Apparently, Macaulay did: “I can buy Rasselas for sixpence; I might have had to give five shillings for it. I can buy the Dictionary, the entire genuine Dictionary, for two guineas, perhaps for less; I might have had to give five or six guineas for it.”65 He has simply made up higher prices (“I might have had to give…I might have had to give.”) and perhaps even the second lower price (“For two guineas, perhaps for less”). These are not facts he cites but fanciful or unrepresentative illustrations leaping conveniently from his imagination to the defense of his argument. And yet, this argument, specious in 1841, has descended to his hapless present-day admirers, who make similar claims as a matter of course, such as that were Mark Twain’s works still protected, schoolchildren would not be able to read them due to the prohibitive pricing. The facts are different.
For example, readily at hand on the bookshelf next to me as I write is Henry Kissinger’s Diplomacy, copyrighted of course, in paper, published in 1994, at 911 pages, two pounds eight ounces, and with photographs, priced at $22. The Adams-Jefferson Letters (the editing under copyright but the contents in the public domain) published seven years earlier, 638 pages, at two pounds three ounces, with no pictures, and assisted by a grant from the Lilly Foundation, is also available. Despite its earlier publication date and that it is only two-thirds the size of the Kissinger (anything would be), and was subsidized, it costs not 1,000 percent less (as Macaulay would have it) but the same $22.
In fiction, you can buy Les Misérables, plucked from the public domain, in a Modern Library binding, at 1,260 pages and two pounds nine ounces for $25.95. And you can buy (and I wish you would) my A Soldier of the Great War, copyrighted thank God, in trade paper with a beautiful Bellini on the cover, at 860 pages and two pounds, for $16. The Hugo is 47 percent larger and 28 percent heavier, but it is also 62 percent more expensive, not 1,000 percent less expensive. True, you can get an economy edition of Les Misérables for $7, but you can also get the mass market edition of A Soldier of the Great War for $6.

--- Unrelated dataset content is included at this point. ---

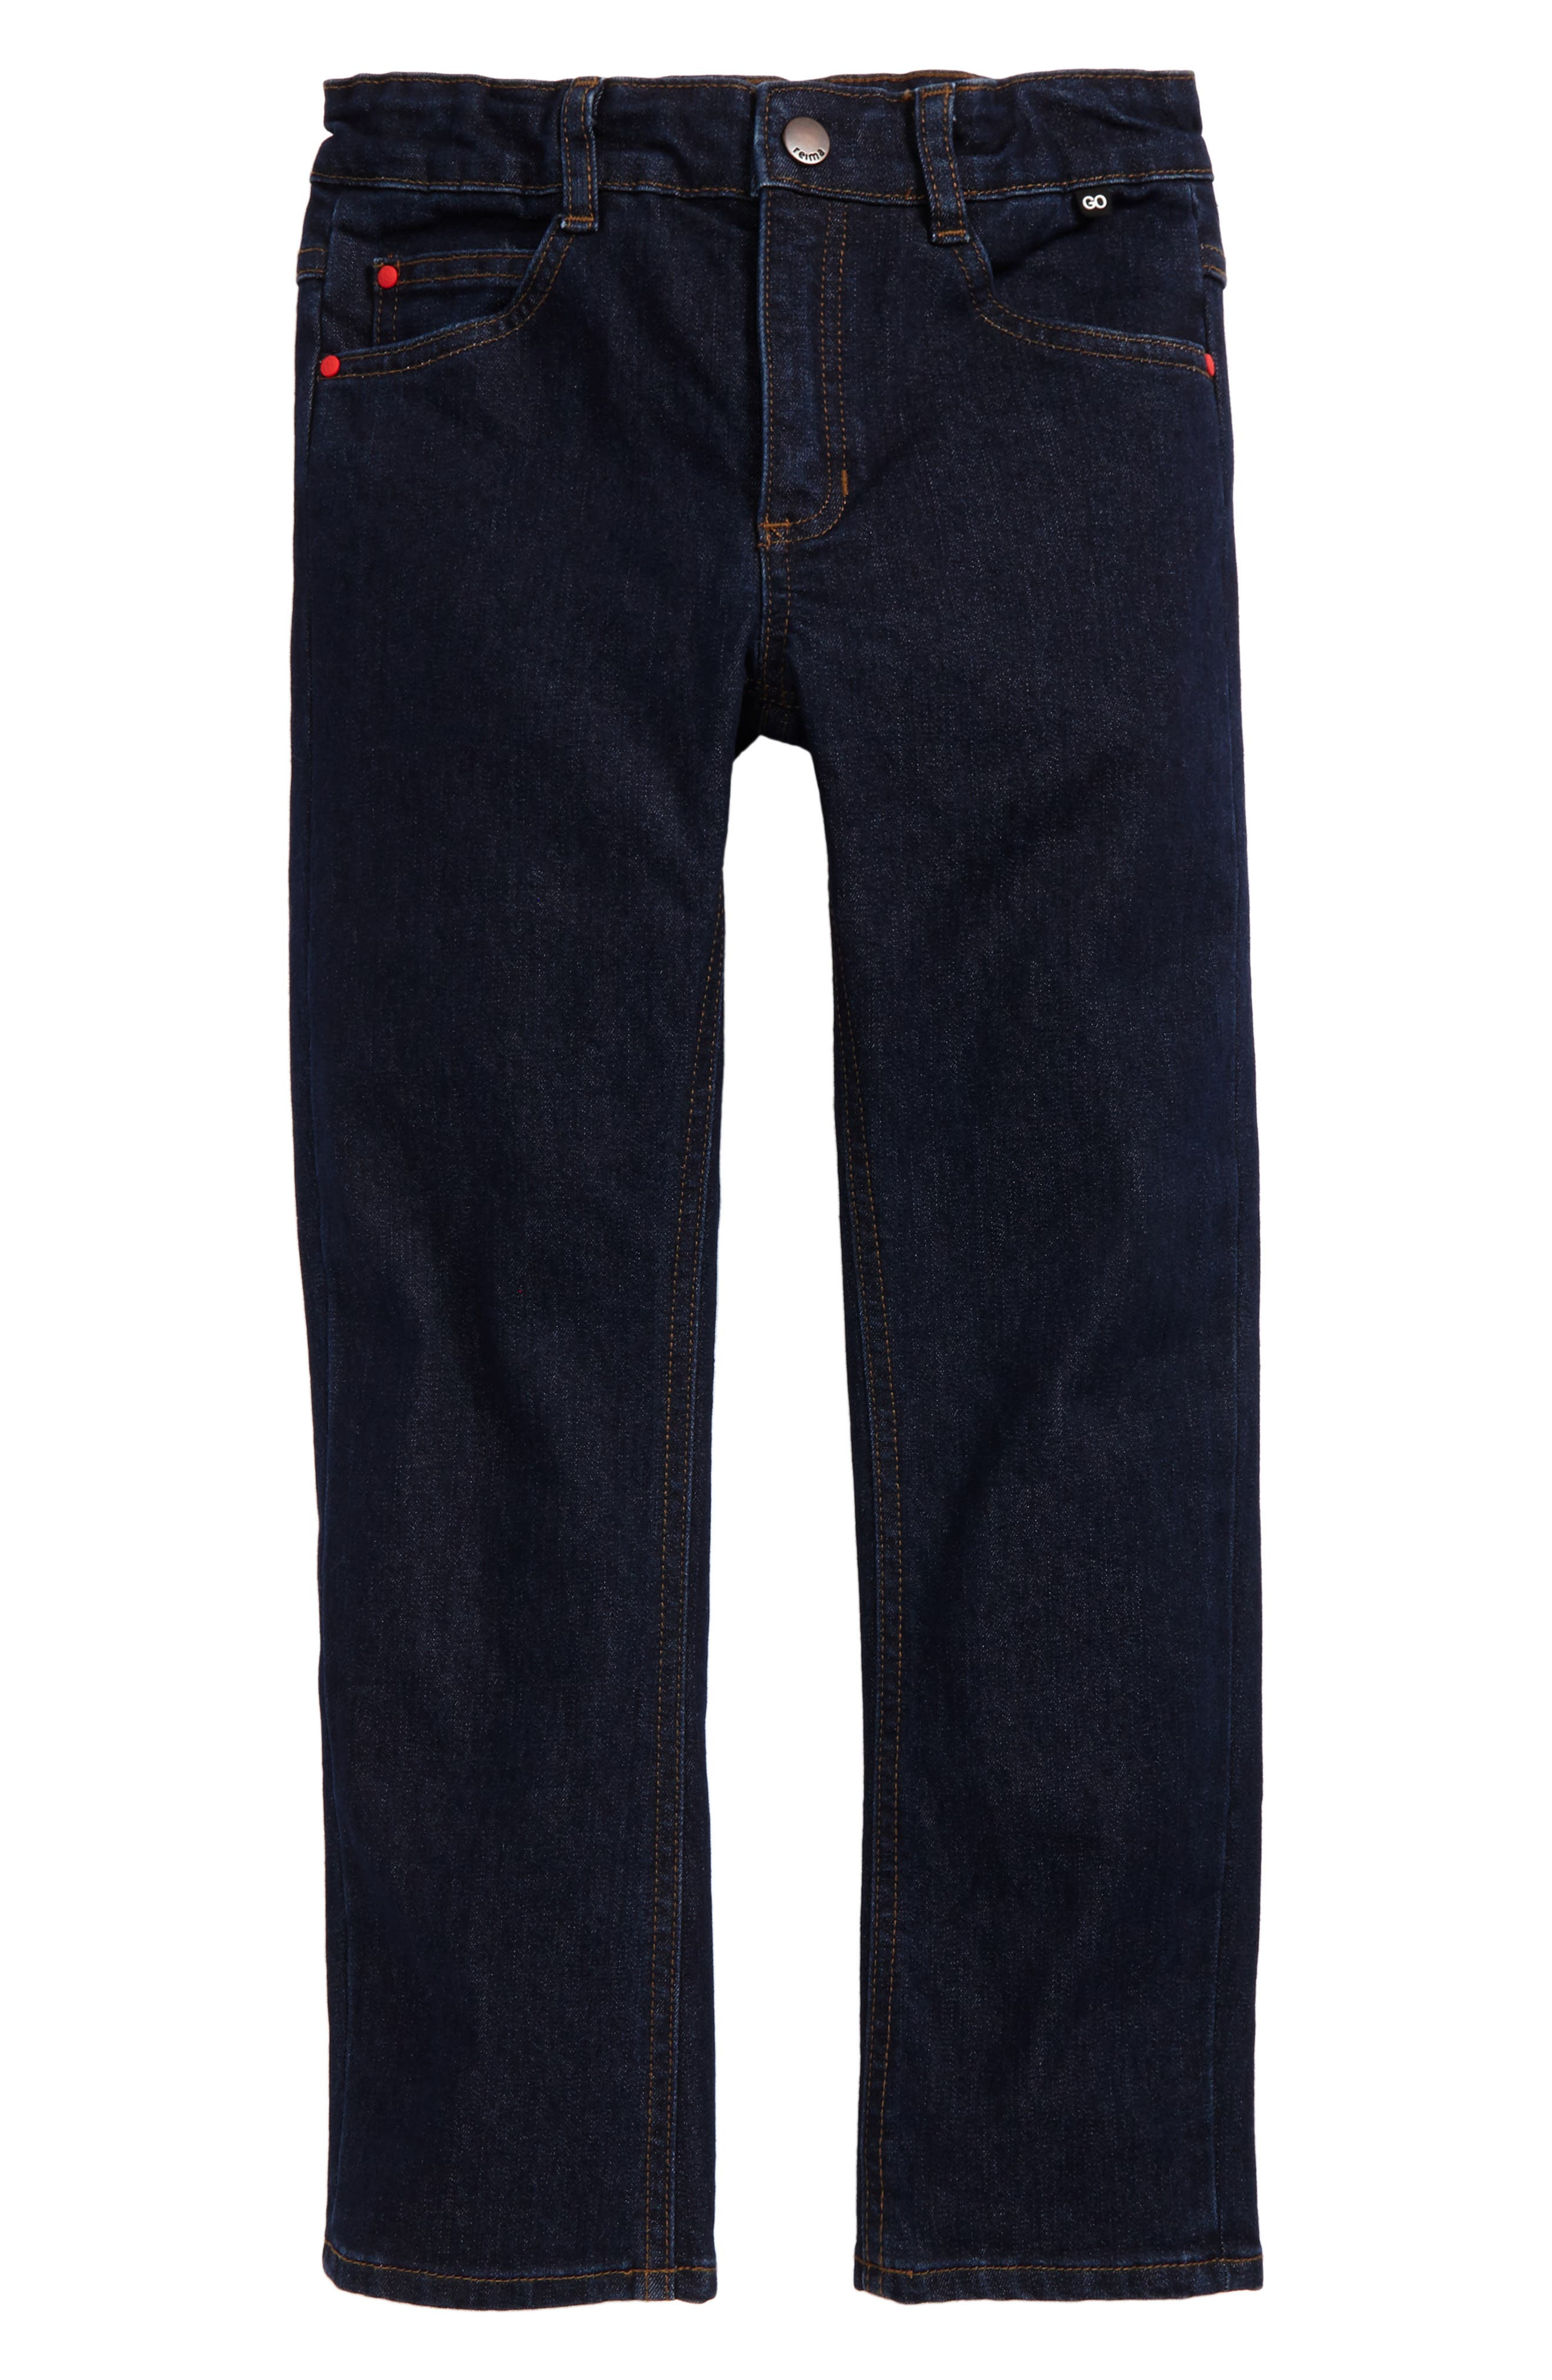 Trick Straight Leg Jeans,                         Main,                         color, 400

Beyond the 15 percent author’s royalty on hardcover and 7.5 percent on paperbacks, copyright has little effect on book pricing. Publishers and booksellers know that other than the few people who for some reason must have a particular book, their customers have a wide choice, and will be put off by price. If only a few books were available, it might be different, but there are at any time hundreds of thousands, even millions—a choice that allows very few publishers to be either grasping or coy with the public: these impulses they save for dealings with their writers.
Neither Macaulay nor his disciples of the present confine their imprecision to such practical examples, but expand it to embrace higher things as well. Macaulay writes, and his followers frequently and thoughtlessly repeat that, “The principle of copyright is this. It is a tax on readers for the purpose of giving a bounty to writers.”66
Words have meaning, and it is not good to be careless with them, like the official who said that a border shouldn’t be a line between nations. When I was young I spent some time reading the dictionary. In so doing, I happened upon a definition of masturbation as “self-abuse.” (As to the accuracy of this, ask Philip Roth.) It slept in my mind like a locust, until it emerged when my ninth-grade history class was asked to describe how the monks lived during the Middle Ages, and without the least bit of self-consciousness or embarrassment I volunteered that they were known for their incessant masturbation.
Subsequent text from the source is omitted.